Потом пришел январь. В ночь на первое января, по достаточно окрепшей традиции, пили клюквенный морс, заменявший шампанское, ели пирог с яблочным повидлом и говорили тосты. В первый день нового года устроили учет: как и в прошлом году, приезжала Лилина и другие гости из губоно, Петропорта и соцвоса, говорили речи и отмечали успехи, достигнутые школой за год. В четвертом отделении возмужалые уже шкидцы проходили курс последнего класса единой школы, готовились к выпуску. Верхи поредели. Не было уже Янкеля, Пантелеева и Цыгана. В январе ушли еще трое — Воробьев, Тихиков и Горбушка. Их, как не отличавшихся особенными способностями и тягой к умственным наукам, Викниксор определил в фабзавуч одной из питерских типографий. Жили они первое время в Шкиде, потом перебрались в общежитие.
В феврале никто не ушел.
Никто не ушел и в марте.
Март, как всегда, сменил апрель. В городских скверах зазеленели почки, запахло тополем и вербой, на улицах снег делался похожим на халву. В середине апреля четвертое отделение лишилось еще одного — Джапаридзе. Не дождавшись экзаменов и выпуска, Дзе ушел к матери — помогать семье. Викниксор отпустил его, найдя, что парень выровнялся, жить и работать наверняка может и обществу вреда не принесет.

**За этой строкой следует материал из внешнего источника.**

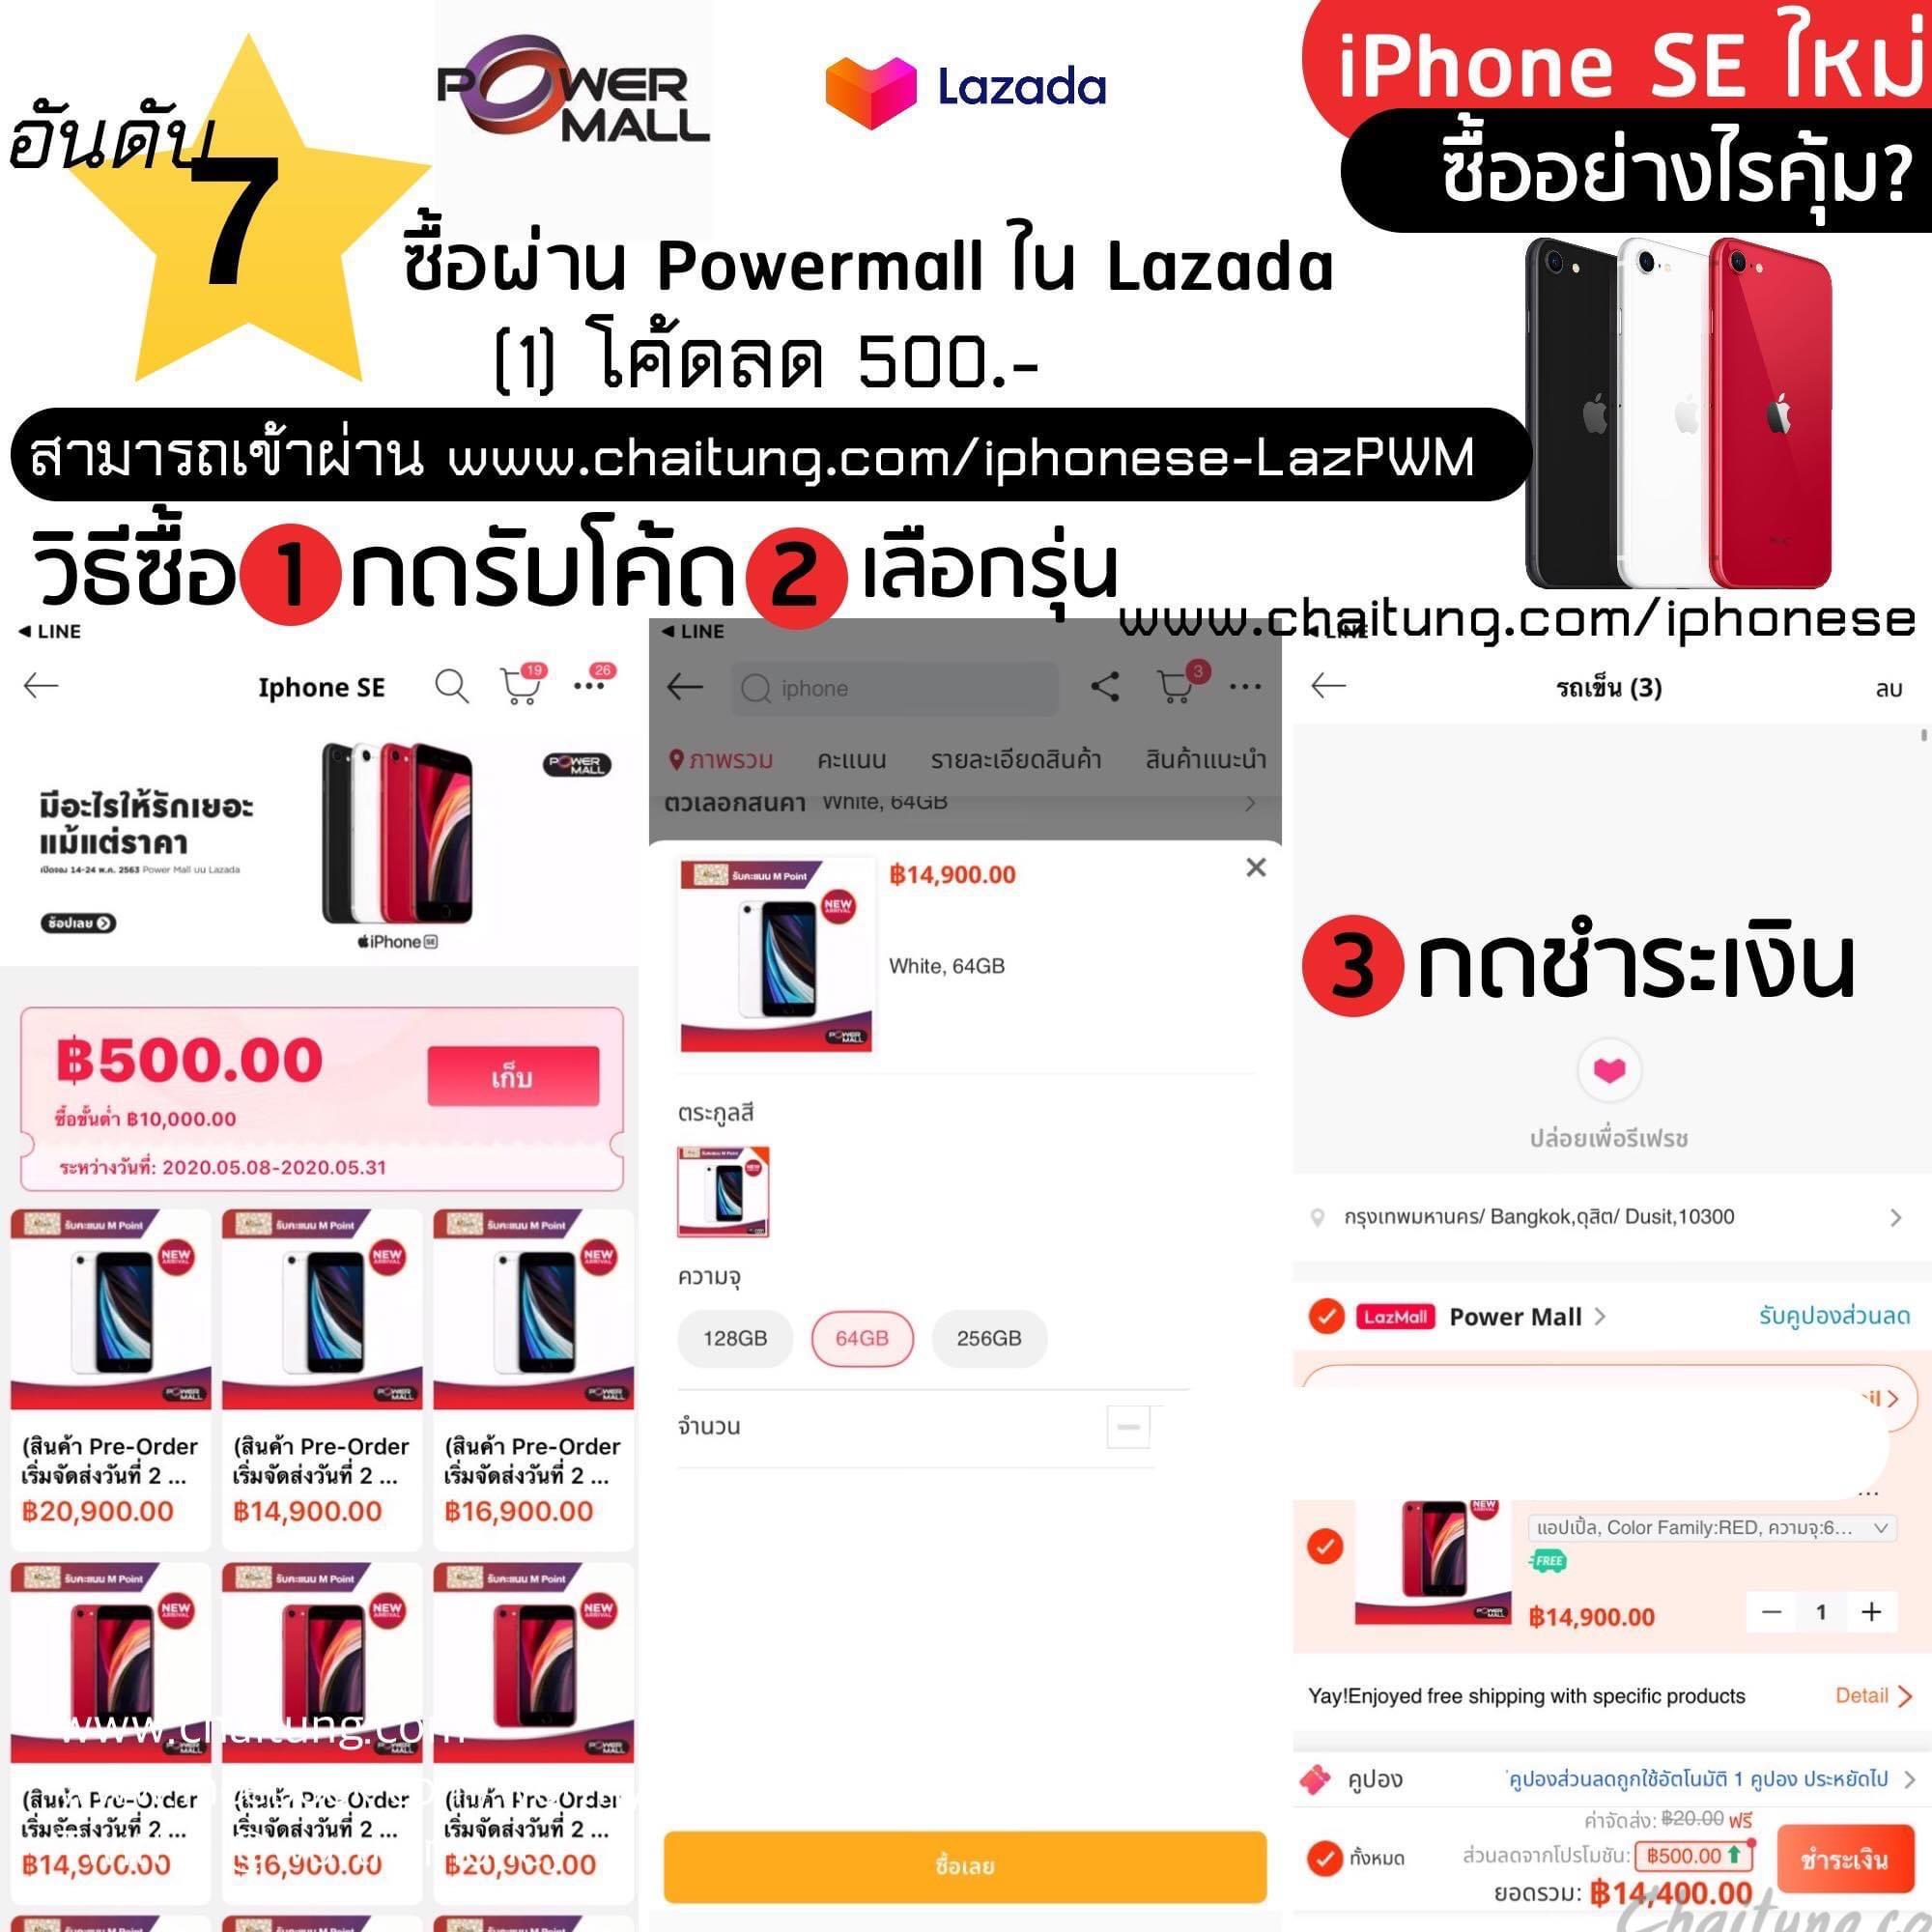 iphone SE powermall lazada

Уходили старые, приходили новые. Четвертый класс пополнялся слабо, младшие же чуть ли не каждый день встречали новичков — с Мытненки, из лавры, из «нормальных» детдомов и с улицы — беспризорных. Могикане уходили, оставляя традиции и давая место новому бытовому укладу.

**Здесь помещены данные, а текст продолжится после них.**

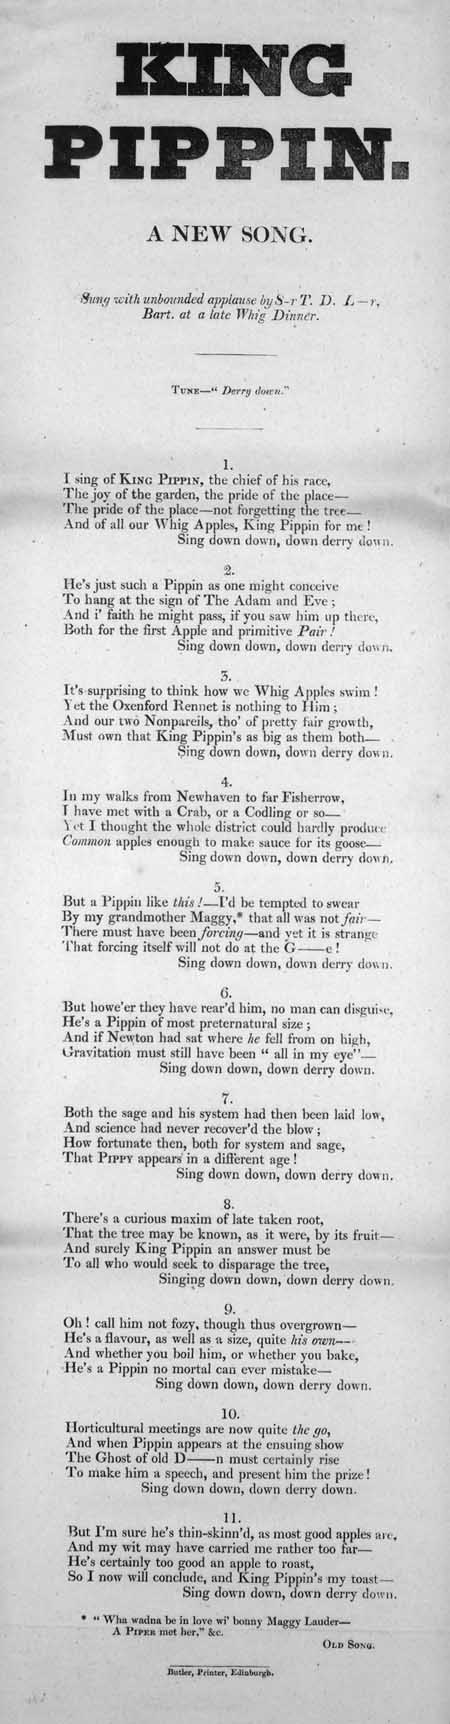 Broadside ballad entitled 'King Pippin'

В мае сдал зачет в военный вуз Купец — Офенбах. Карьера военного, прельщавшая шкидского Голиафа еще в приготовительных классах кадетского корпуса, снова соблазнила его. Он был счастлив, что сможет служить в Красной Армии. Через две недели после ухода из Шкиды Купа явился одетый в новенькую шинель с голубыми обшлагами и в шлеме с сияющей улыбкой заявил:
— В комсомол записался. Кандидатом.
От бычьего лица его веяло радостью. И после этого он часто наведывался в школу…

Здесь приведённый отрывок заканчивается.